이들 방법이 갖고 있는 문제점은, 일정한 제로 크로싱 레이트가 항상 주기적 신호에 대응하지는 않는다는 것이다. 잡음 신호는 일정한 비율로 고정 라인과 무작위로 교차할 수 있다. 각각의 세그먼트는 단지 80 오디오 샘플만을 구성하기 때문에, 이러한 방법의 정확성은 작은 샘플 공간에 의해 제한된다. 제로 크로싱 점들을 식별시의 에러는 여전히, 일정한 전력 신호가 배경 잡음으로서 오진단되도록 할 수 있다. 이러한 문제를 해결하기 위해, 그러한 방안은 높은 진폭 신호가 활성 신호인 것으로 항상 결정되도록 보장하기 위해 추가적인 고정 임계값을 이용하여 향상될 수 있다. 그러나, 그러한 임계값을 이용하는 것은 낮은 진폭의 고정 전력 신호가, 이제 침묵으로서 잘못 검출되도록 할 수 있다.The problem with these methods is that a constant zero crossing rate does not always correspond to a periodic signal. The noise signal can randomly intersect the fixed line at a constant rate. Since each segment constitutes only 80 audio samples, the accuracy of this method is limited by the small sample space. Errors in identifying zero crossing points can still cause a constant power signal to be misdiagnosed as background noise. To solve this problem, such a scheme can be enhanced with additional fixed thresholds to ensure that high amplitude signals are always determined to be active signals. However, using such a threshold can cause a low amplitude fixed power signal to now be falsely detected as silence.

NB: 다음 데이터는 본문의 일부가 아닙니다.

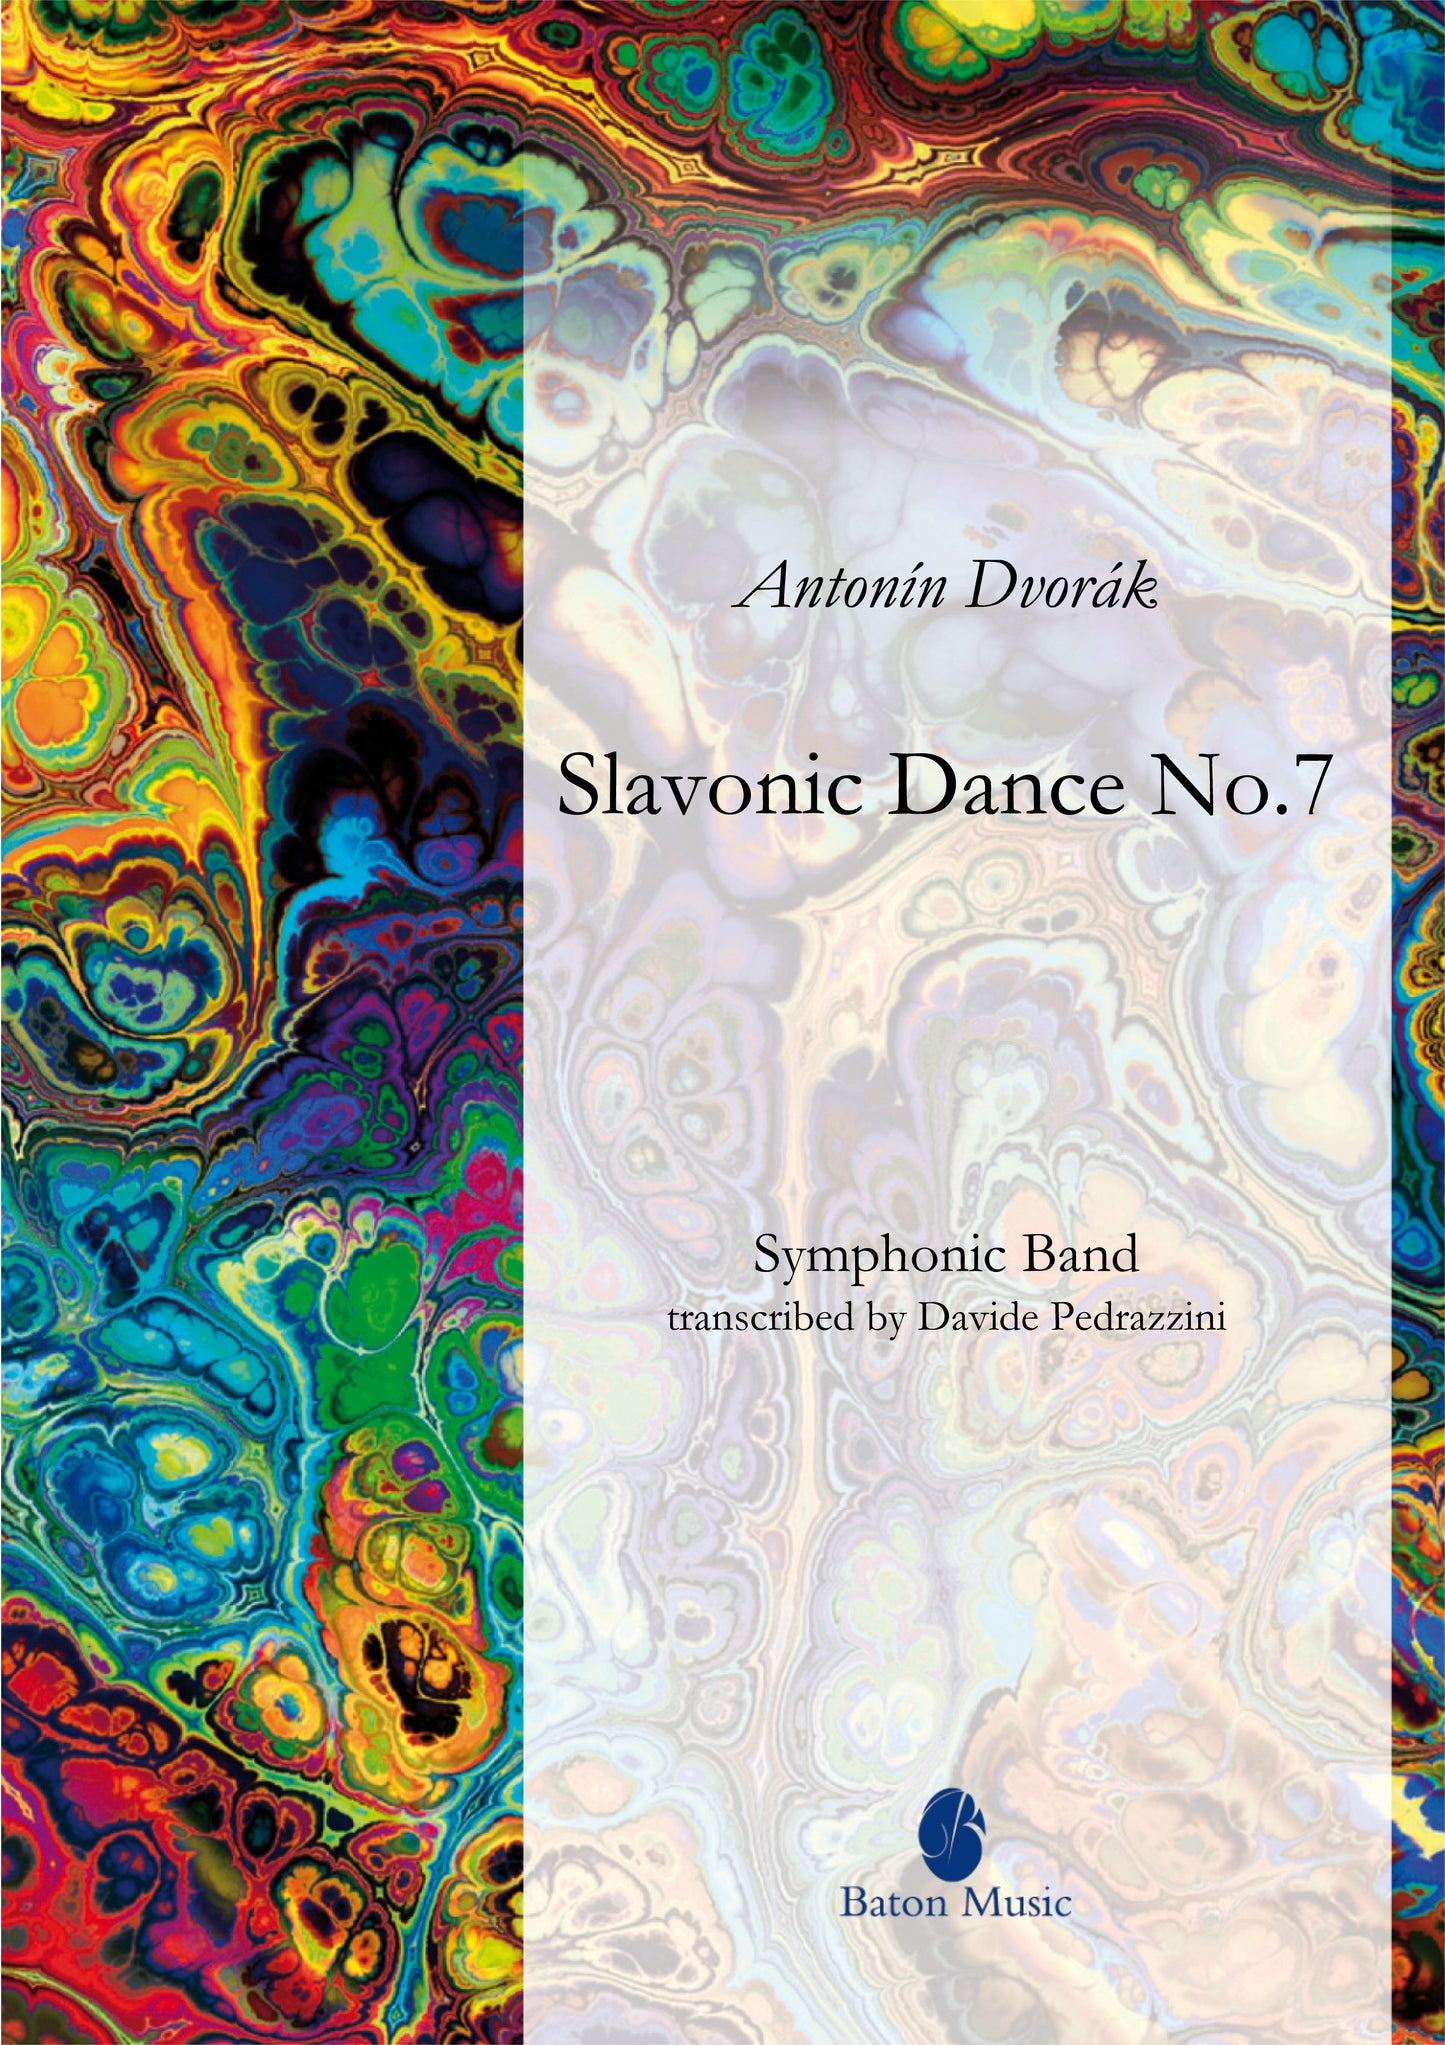 Slavonic Dance No. 7 - Antonin Dvorak

다른 VAD 방안은 Tucker R.에 의해 1992년 8월에 간행된 그의 논문 "Voice Activity Detection Using a Periodicity Measure"에서 제안된다. 그는 0 db 아래의 SNR에서 신뢰성있게 동작할 수 있고, -5 db에서 대부분의 스피치를 검출할 수 있는 VAD를 기술하고 있다. 검출기는 입력 신호에 최소 제곱 주기성 평가기를 적용하여, 많은 주기성이 발견될 때에 트리거한다. 그러나, 그것은 정확한 토크 스퍼트(talkspurt) 경계를 찾기 위한 것이 아니므로, 임의의 손실된 스피치를 허용하도록 작은 마진을 포함하는 것이 용이한 스피치 로깅 응용에 가장 적합하다. 이해할 수 있듯이, "토크 스퍼트" 경계는 스피치와 논스피치 오디오 정보 사이의 경계(예를 들면, "침묵"의 기간과 음성으로 된 스피치의 기간 사이의 경계)를 의미한다. 그러한 해결책은 정확한 토크 스퍼트 경계의 검출이 필수적인 VoIP 시스템에 대해 부적합하다.Another VAD scheme is proposed in his article "Voice Activity Detection Using a Periodicity Measure" published in August 1992 by Tucker R. He describes a VAD that can operate reliably at an SNR below 0 db and can detect most of the speech at -5 db. The detector applies a least squares periodicity evaluator to the input signal, triggering when many periodicities are found. However, since it is not intended to find the correct talkspurt boundary, it is best suited for speech logging applications where it is easy to include small margins to allow any lost speech. As can be appreciated, a "talk spurt" boundary means a boundary between speech and non-speech audio information (e.g., a boundary between a period of "silence" and speech in speech). Such a solution is inadequate for VoIP systems where accurate detection of talk spurt boundaries is essential.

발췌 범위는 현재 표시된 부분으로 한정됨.